TikToking On The Toilet


Kennedi DIxon

In the school cafeteria, 7th grade students share TikTok video ideas instead of snacks and sides. The TikTok movement has found its way into school and, unfortunately, restrooms.

Kennedi Dixon, Staff Writer

TikTok is the new trend of today’s generation. The app allows people to make short, ridiculous videos with background music of their choice. Considering that the app is common around younger audiences, it is widely embraced by many teens. 

Every TikTok user has the opportunity to create a video anywhere, whether it’s from their home, job, the local Walmart, or their grandparent’s basement. 

Of all the places to create a video, many high school students have filmed theirs in the bathroom. High school restrooms are now the new TikTok dance studios and make a regular appearance on the app. 

This is not the first time students have misused the school bathrooms. For those with a nicotine addiction, it’s a haven to try and get away with vaping in the stalls. Others take a “restroom break” to avoid class or touch up hair and makeup.

In reality, a person sees the bathroom as the place to go relieve himself or herself. While on TikTok the typical highschool bathroom is seen as a new hangout and filming spot. 

Despite the innocent motive behind making TikTok videos, filming in a public bathroom is a violation of privacy. 

At Pelahatchie High School, complaints arise from many students. “It is annoying to walk in the bathroom and the first thing I’m greeted with is a group of girls making dances for TikTok,” stated Telaiah Lewis, an 11th grade student.

Other students tend to express their complaints by kicking the TikTokers out of the bathroom with four magic words: “The teachers are coming.”

Students are not the only ones who disagree with the TikTok epidemic; many teachers reflect on those with the TikToking addiction. 

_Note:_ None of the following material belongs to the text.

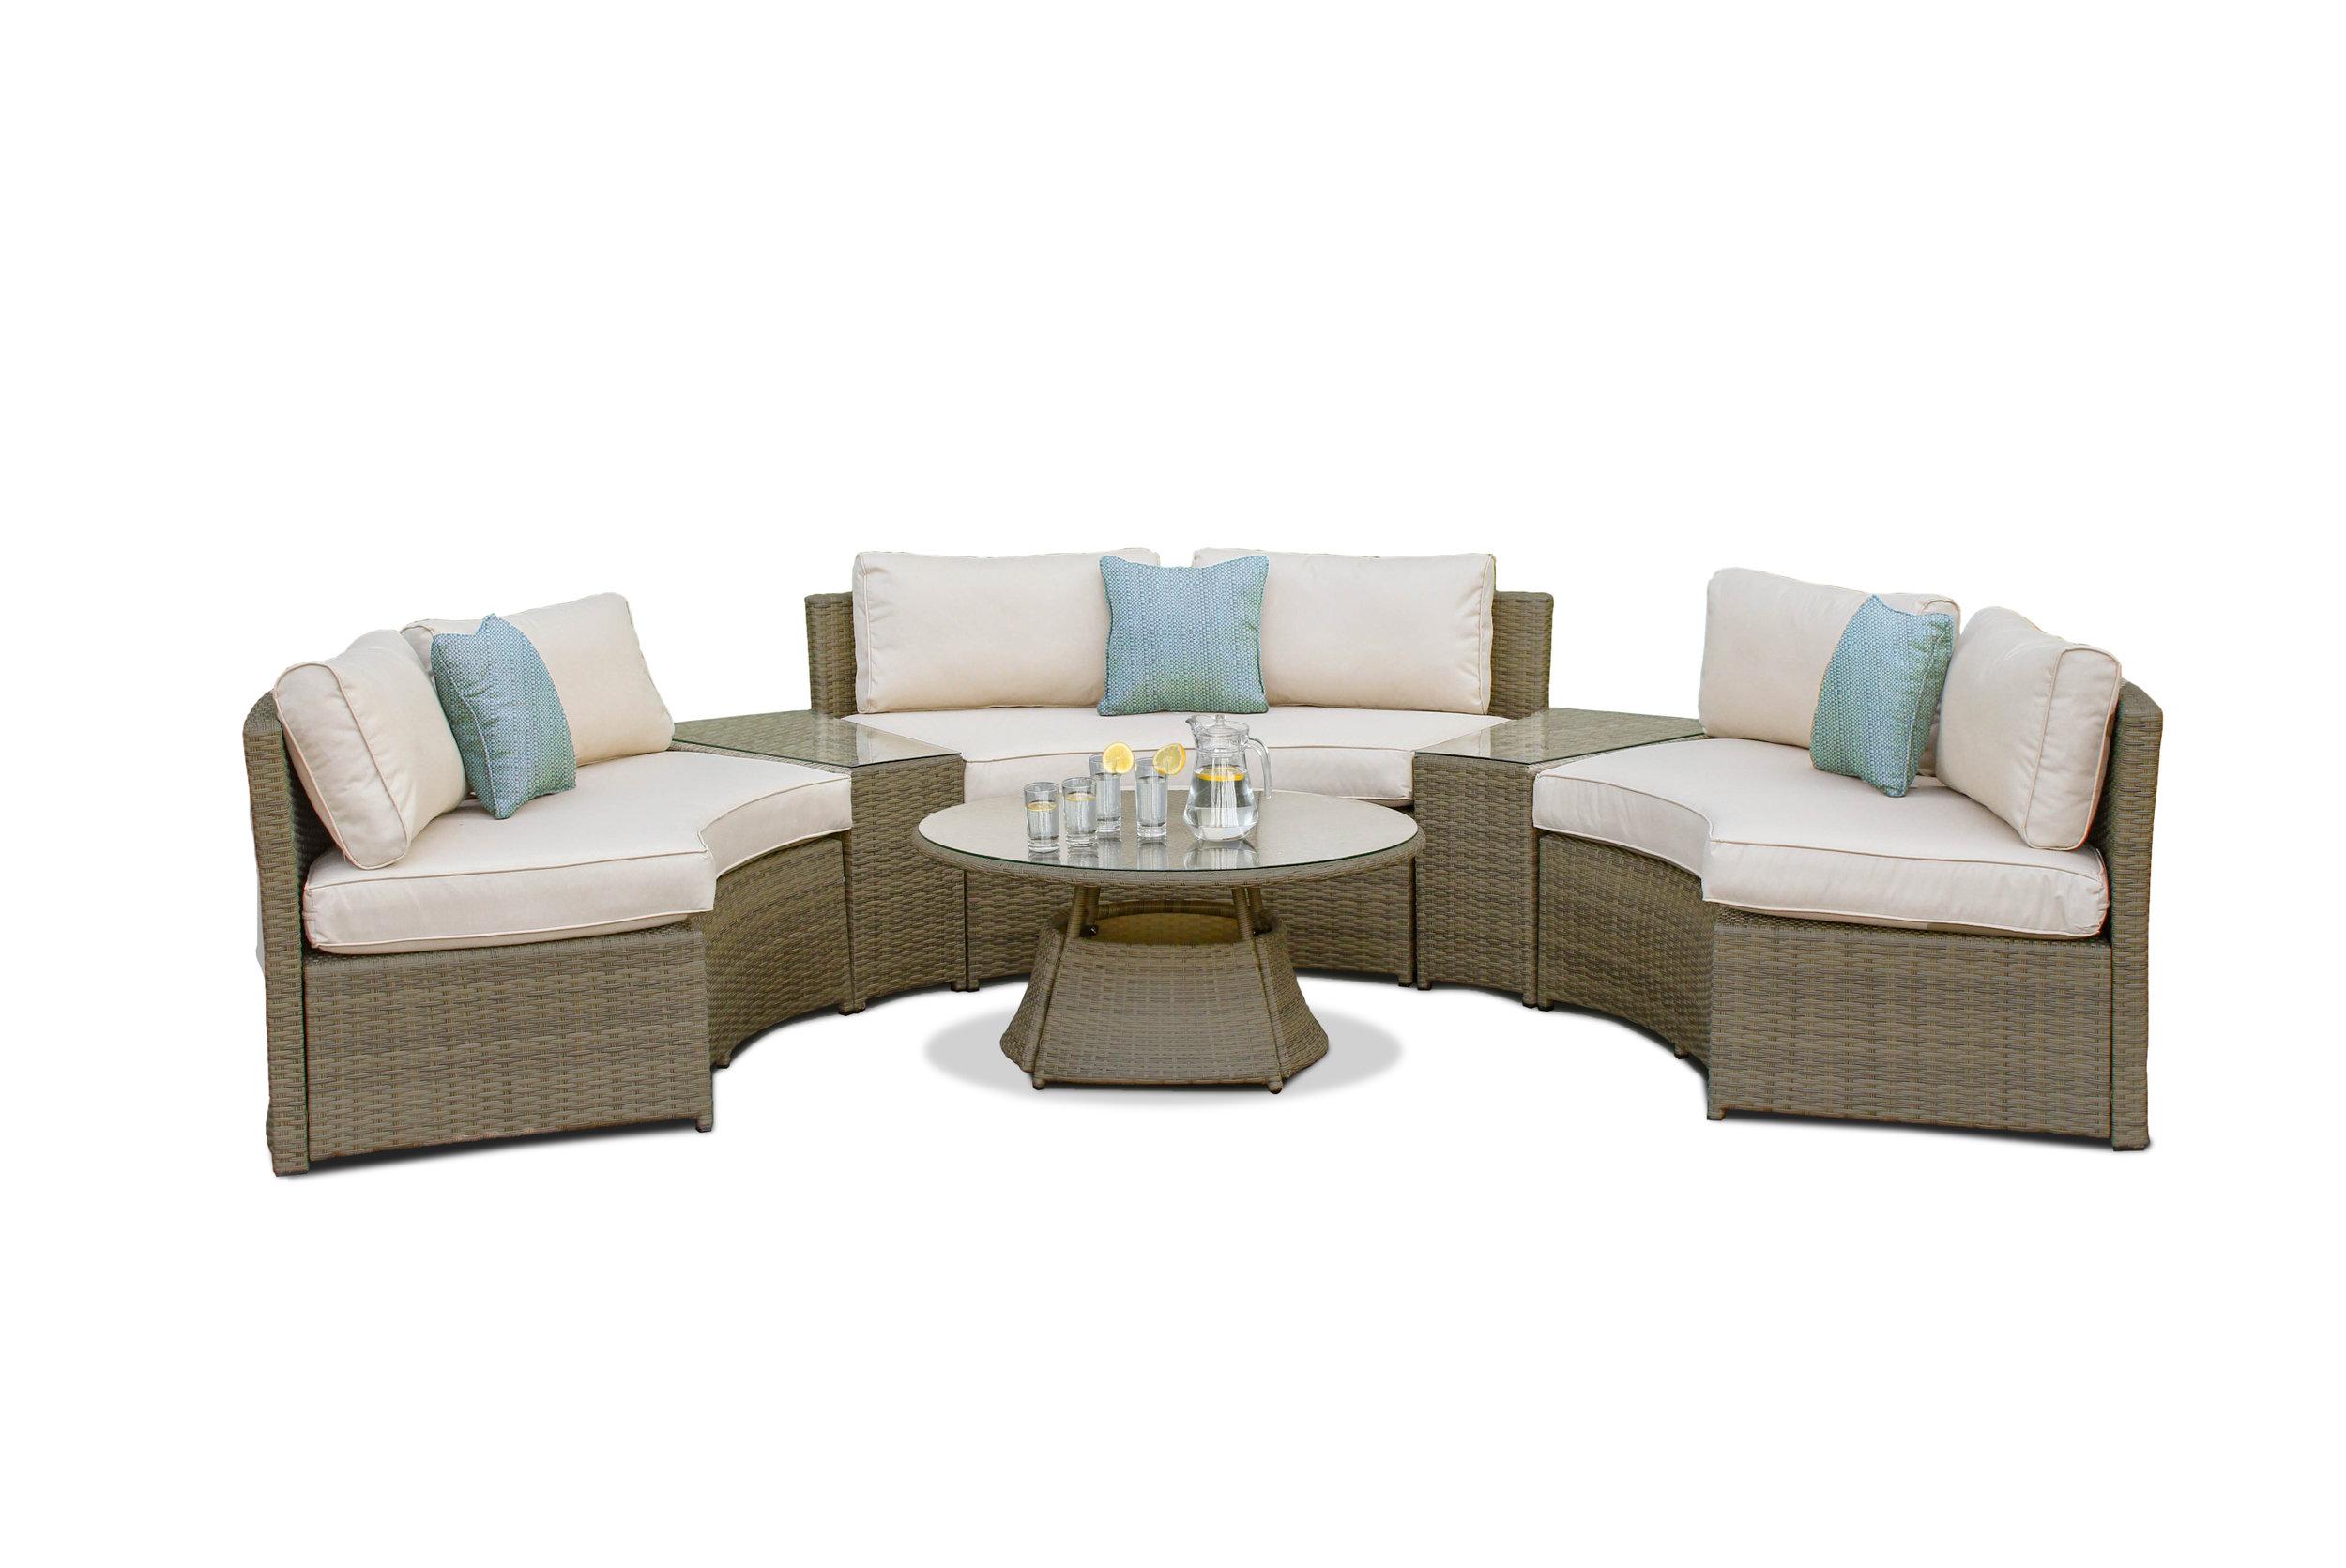 maze rattan natural milan corner sofa set green cushions narrow table with shelves garden furniture just interiors tuscany half moon white out jpg

“As a teacher, I strive to educate my students, and I think it is important for students to participate academically. Students should not prioritize going to the bathroom just to make TikTok videos,” said Sheree Rayner, an English teacher.

While some turn in disgust from this behavior, many students tend to flock in the bathrooms not just for relief, but to get away from their school responsibilities, leaving the bathroom to be turned into a production studio.

To the average person the bathroom is quite an unusual place to make a video. It is also intrusive to film in a public bathroom. Given some time, students will eventually find another trend to take part in that will not feature the toilet.